:: Data block

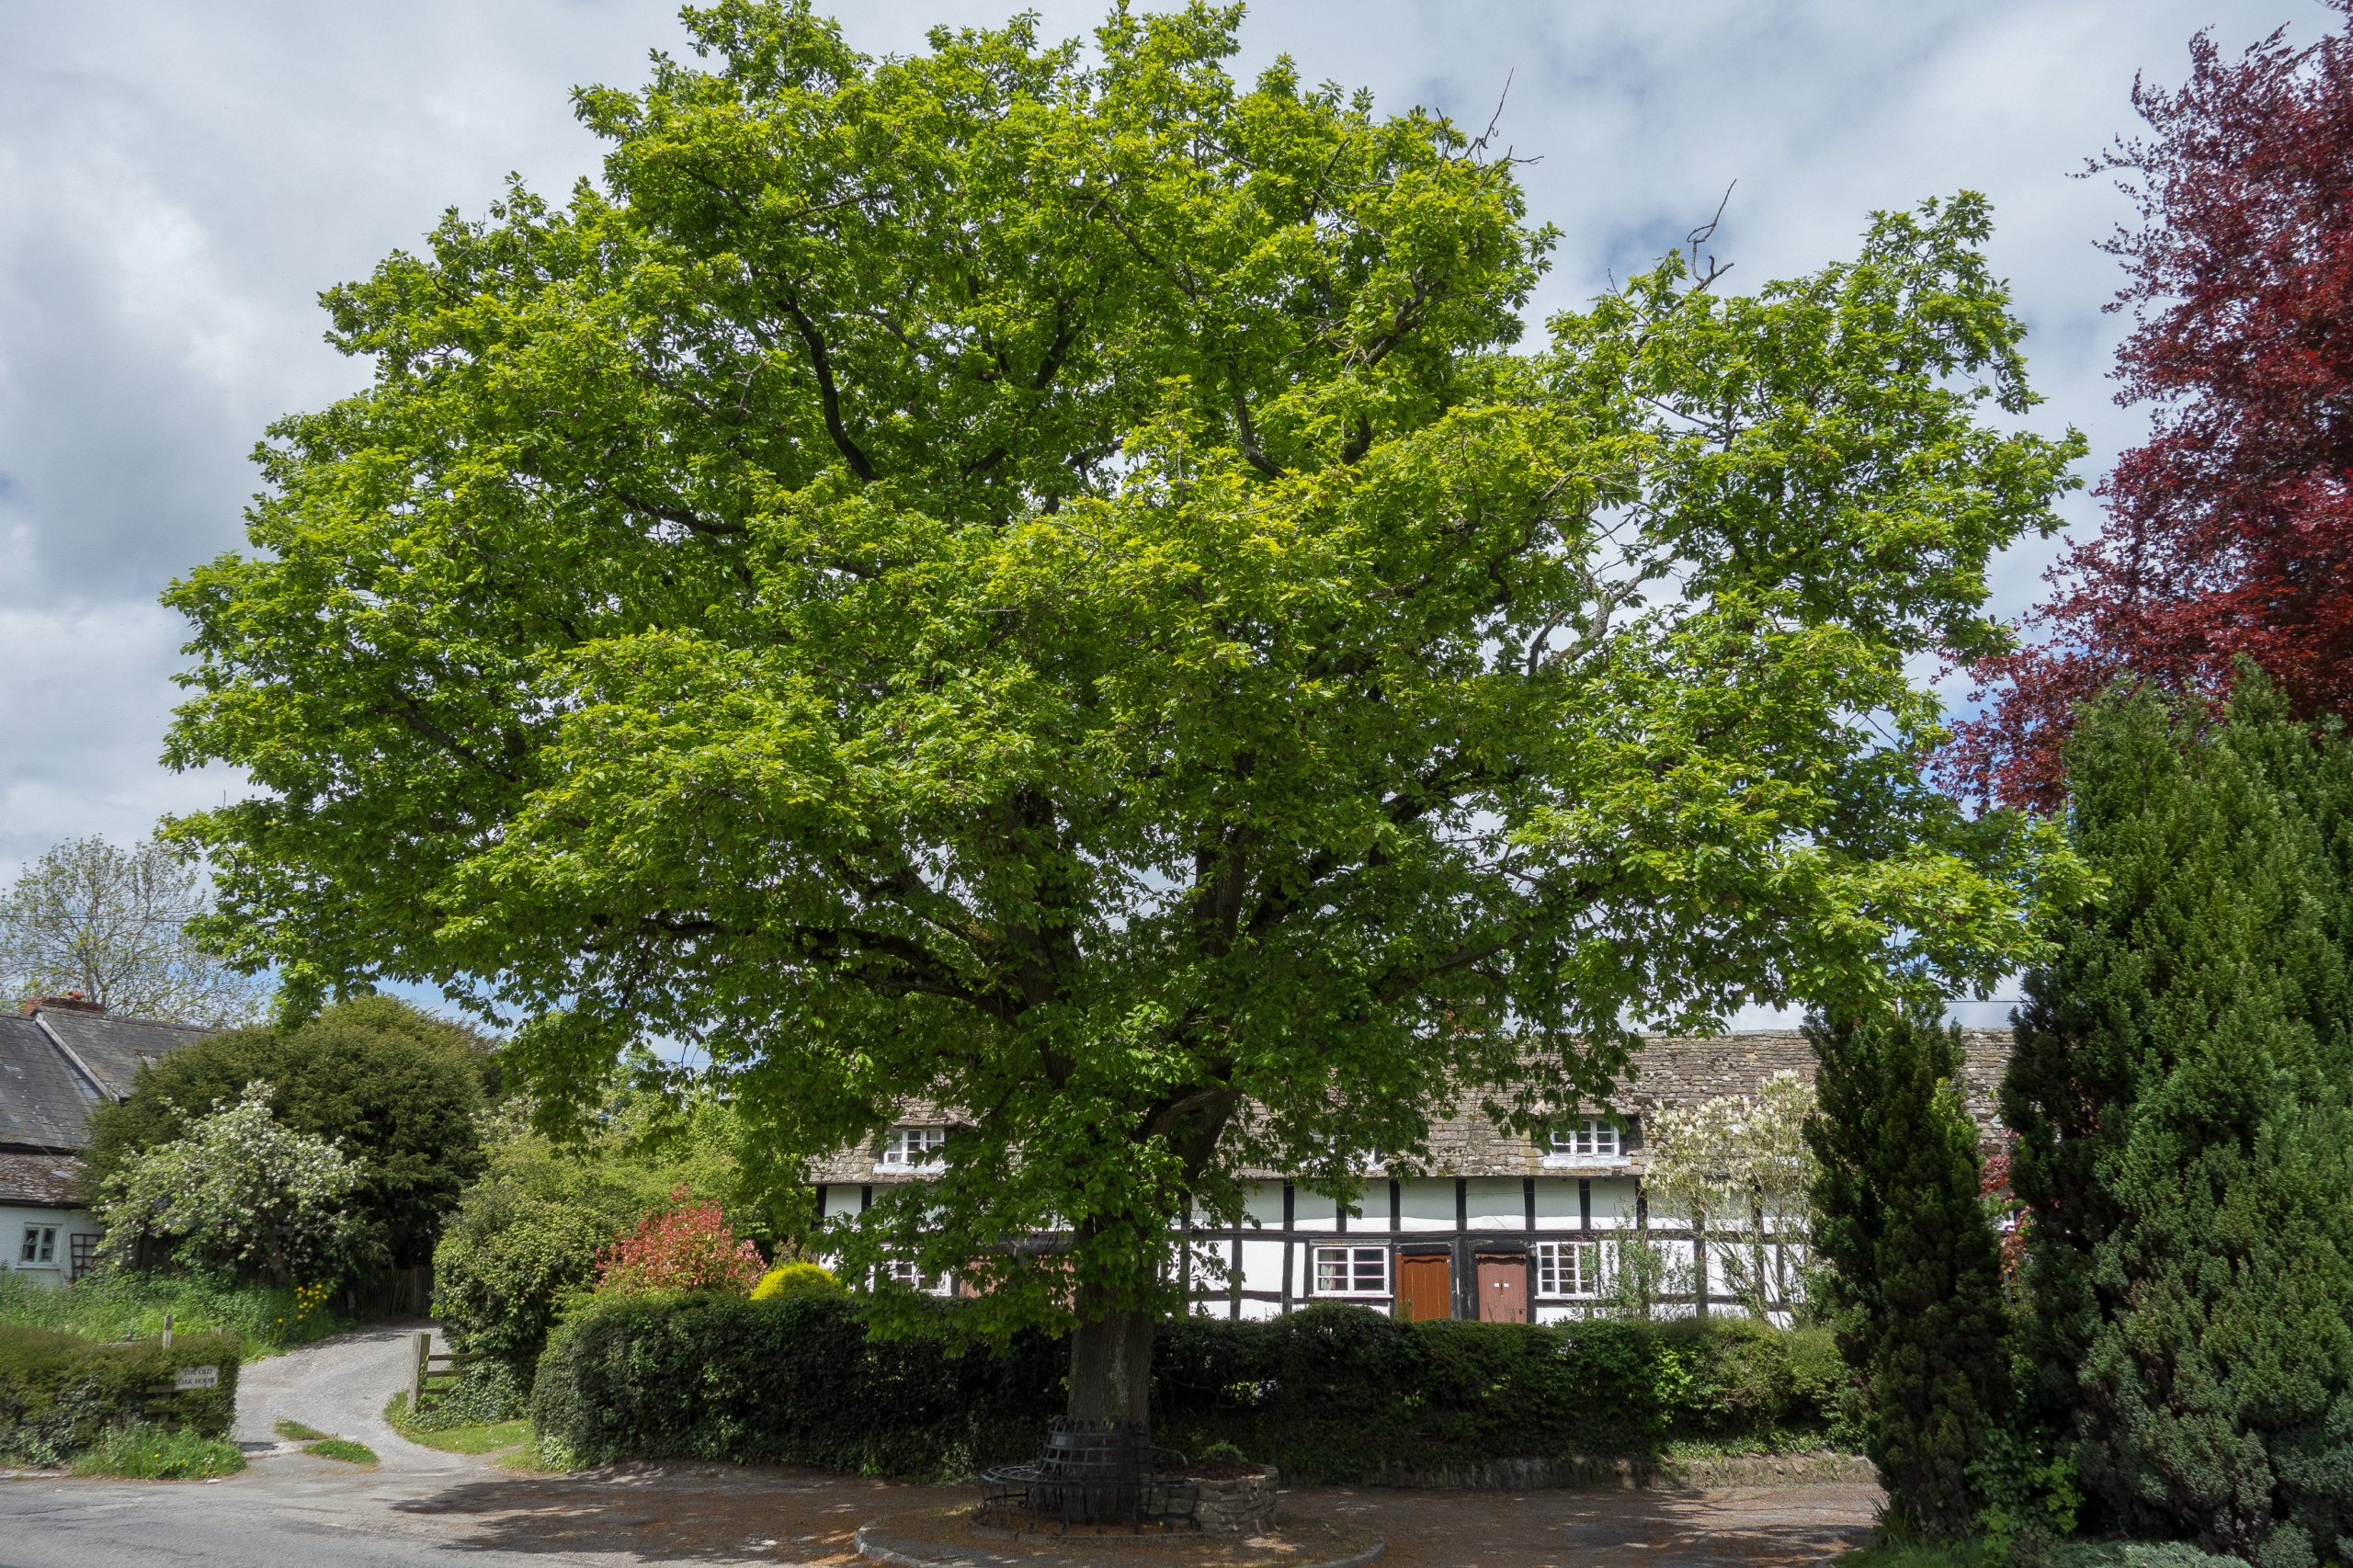 Oak tree in Pembridge
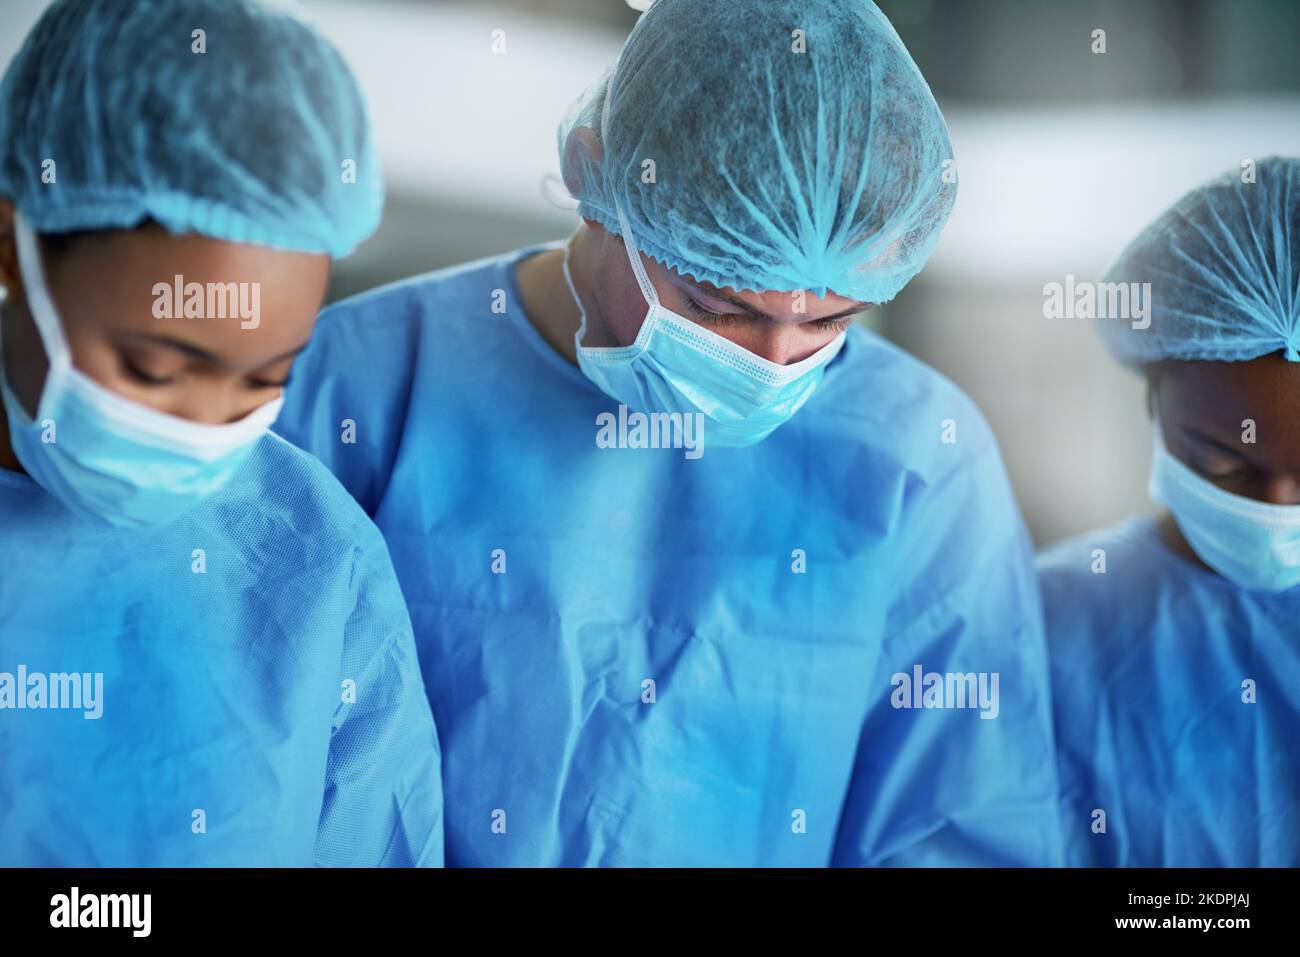 Scharfe Augen, ruhige Hände. Ein Team von Chirurgen, die einen medizinischen Eingriff in einem Operationssaal durchführen. Stockfoto
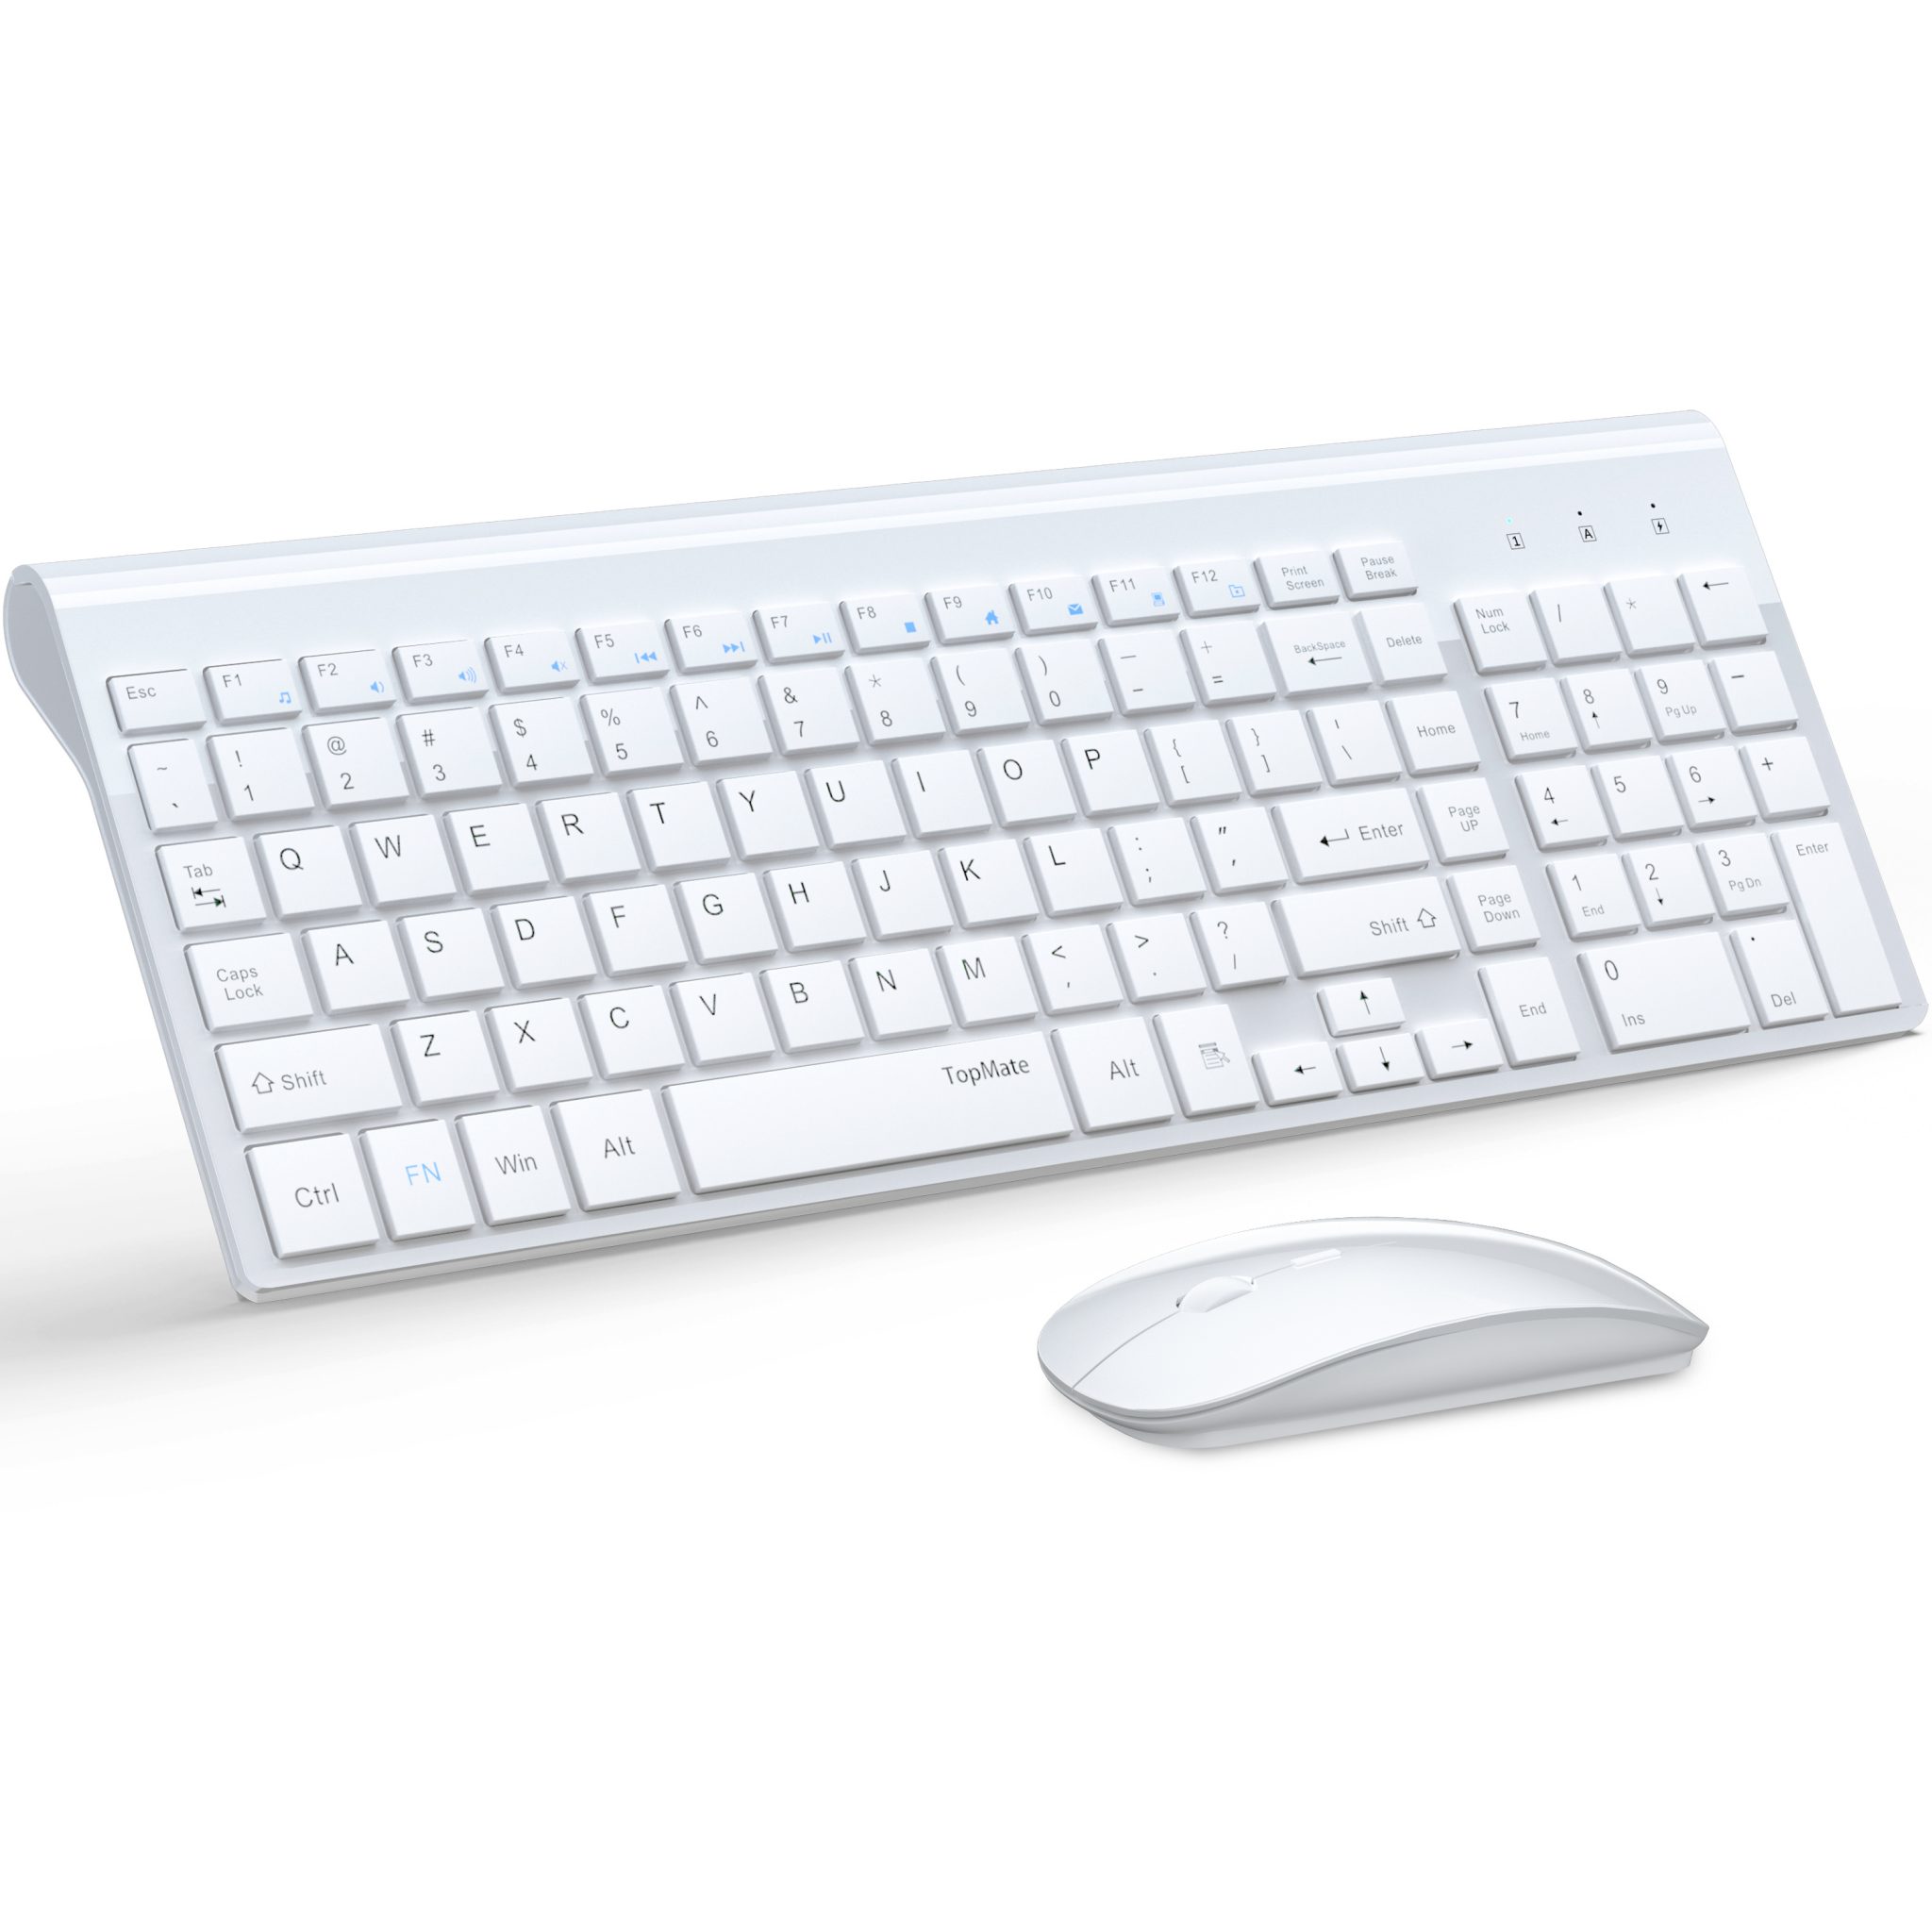 Combo de teclado y mouse inalámbrico - Mouse y teclado delgado de tamaño  completo, inalámbrico, con teclado numérico 2.4G conexión estable, DPI

::::

Task goal: When copying the data above, repeat every word exactly and drop the pictures.

The answer:
 Oak tree in Pembridge
 Scharfe Augen, ruhige Hände. Ein Team von Chirurgen, die einen medizinischen Eingriff in einem Operationssaal durchführen. Stockfoto
 Combo de teclado y mouse inalámbrico - Mouse y teclado delgado de tamaño  completo, inalámbrico, con teclado numérico 2.4G conexión estable, DPI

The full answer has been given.